As dragging viscous force of air on balloon is neglected so there is Net Buoyant Force = Vρg

Let m, V, ρ_HE, denote respectively the mass, volume and density of helium balloon and ρ_air density of air

Volume V of balloon displaces volume V of air.

So,

V(ρ_air − ρ_HE)g = ma, or,

V(ρ_air − ρ_HE)g = \(m\frac{dv}{dt}........(1)\)

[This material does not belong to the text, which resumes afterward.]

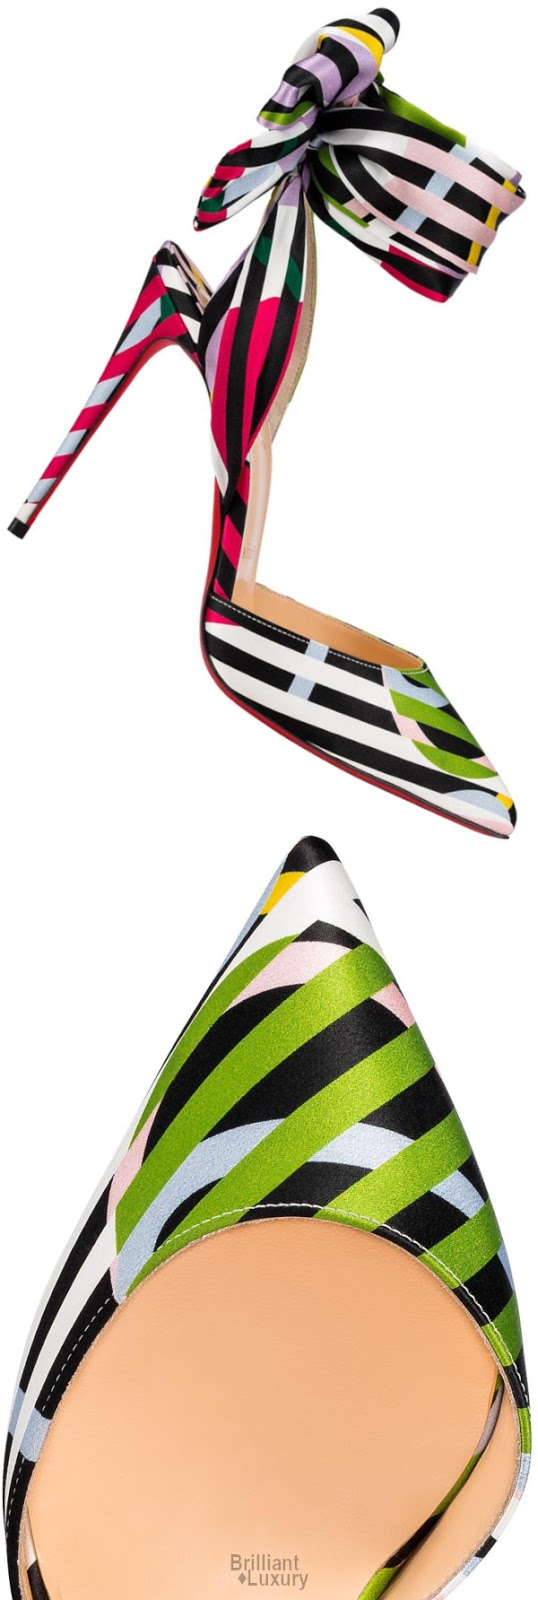 Brilliant Luxury♦Christian Louboutin Douce Du Desert Colorful Satin Crepe Cinestripes Sandals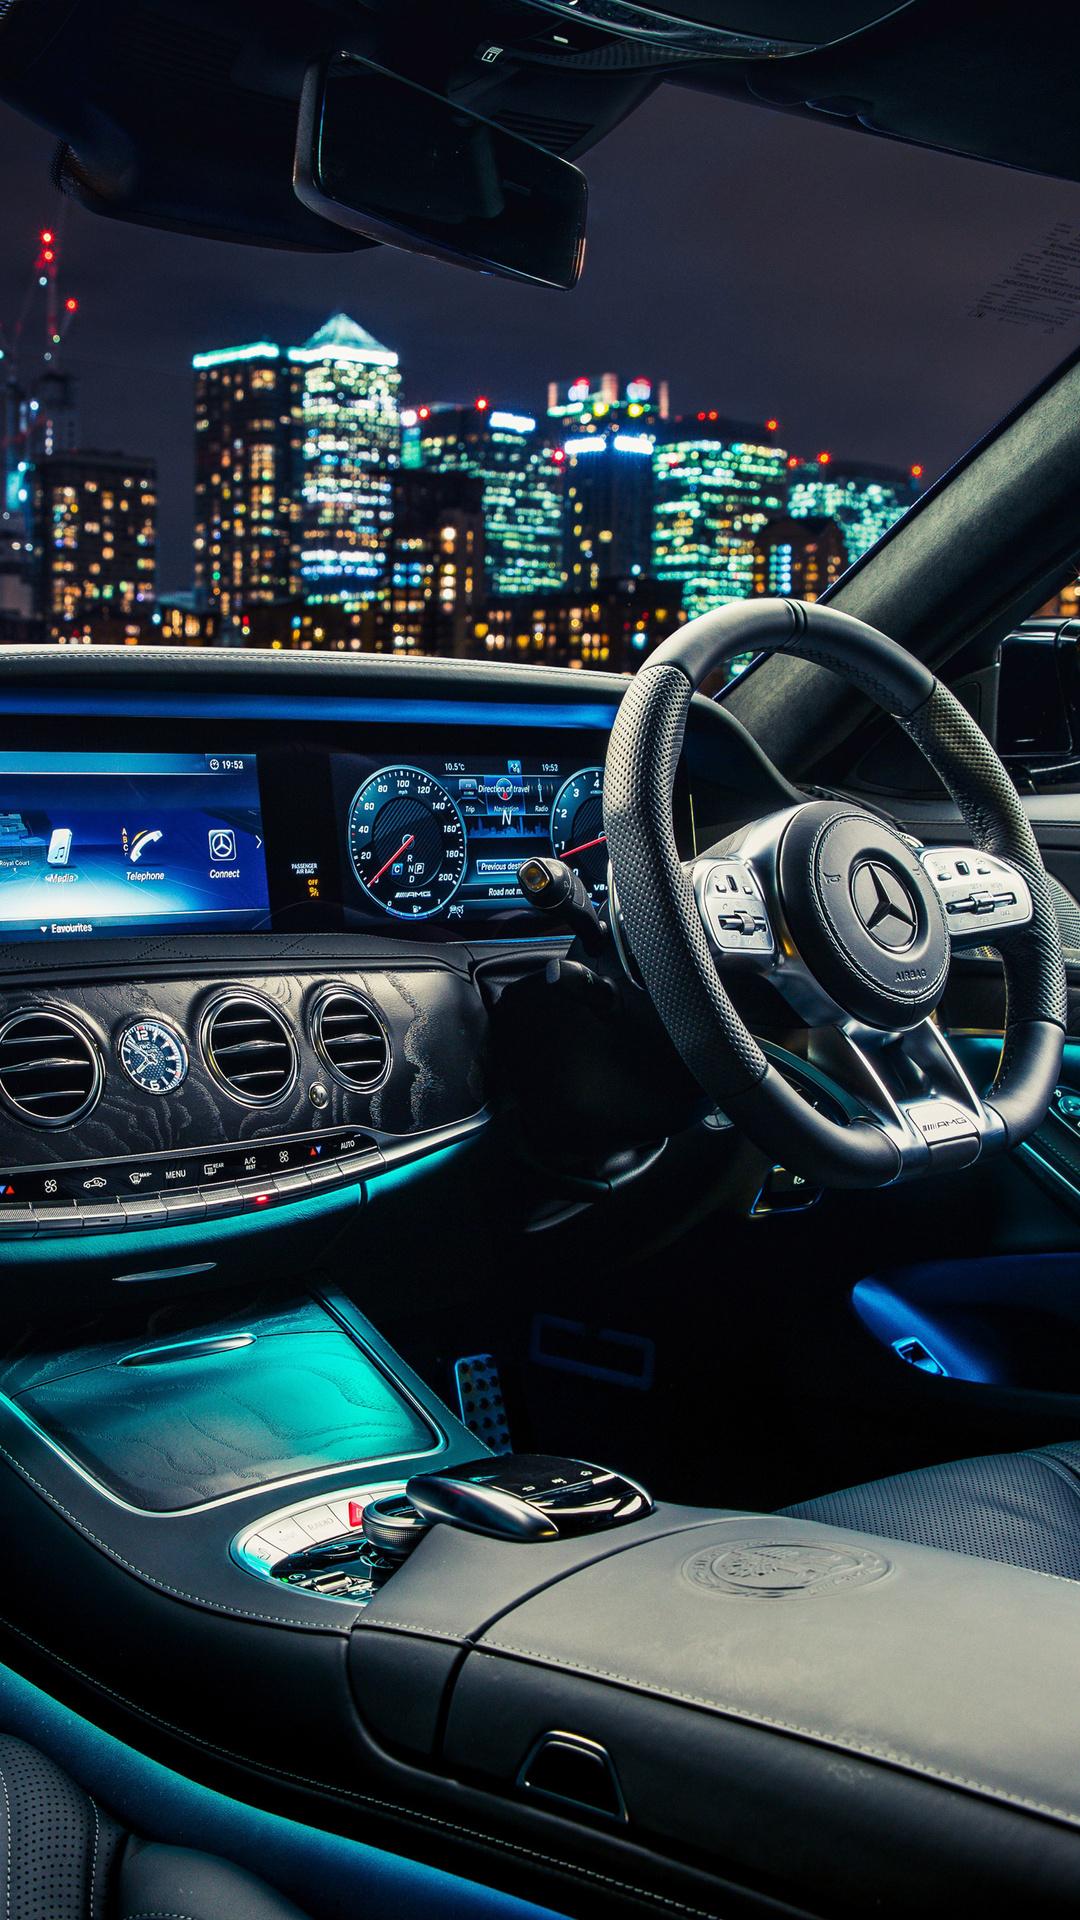 1080x1920 Mercedes AMG S 63 4MATIC Interior Iphone 7,6s,6 ...

Integrating equation (1) with respect to t, we have

V(ρ_air − ρ_HE)gt = mv

\(\frac{1}{2}mv^2=\frac{1}{2}m\frac{v^2}{m^2}\)(ρ_air − ρ_HE)²g²t²

\(=\frac{1}{2m}V^2\)(ρ_air − ρ_HE)²g²t² ......(2)

If the balloon rises to a height h from h = ut + \(\frac{1}{2}\)at²

We get,

\(h=\frac{1}{2}at^2=\frac{1}{2}\frac{V(ρair − ρHE)}{m}gt^2\)

(∵ u = 0).........(3)

From Eqs. (3) and (2)

\(\frac{1}{2}mv^2=[V(ρ_{air} − ρ_{HE})g][\frac{1}{2m}V(ρ_{air} − ρ_{HE})gt^2]\)

= V(ρ_air − ρ_HE)gh

Rearranging the terms.

⇒ \(\frac{1}{2}mv^2+Vρ_{HE}gh=Vρ_{air}gh\)

Or KE_balloon + PE_balloon = changing in PE of air.

So, as the balloon goes up, and equal volume of air comes down, increase in PE and KE of the balloon is at cost of PE of air [which comes down].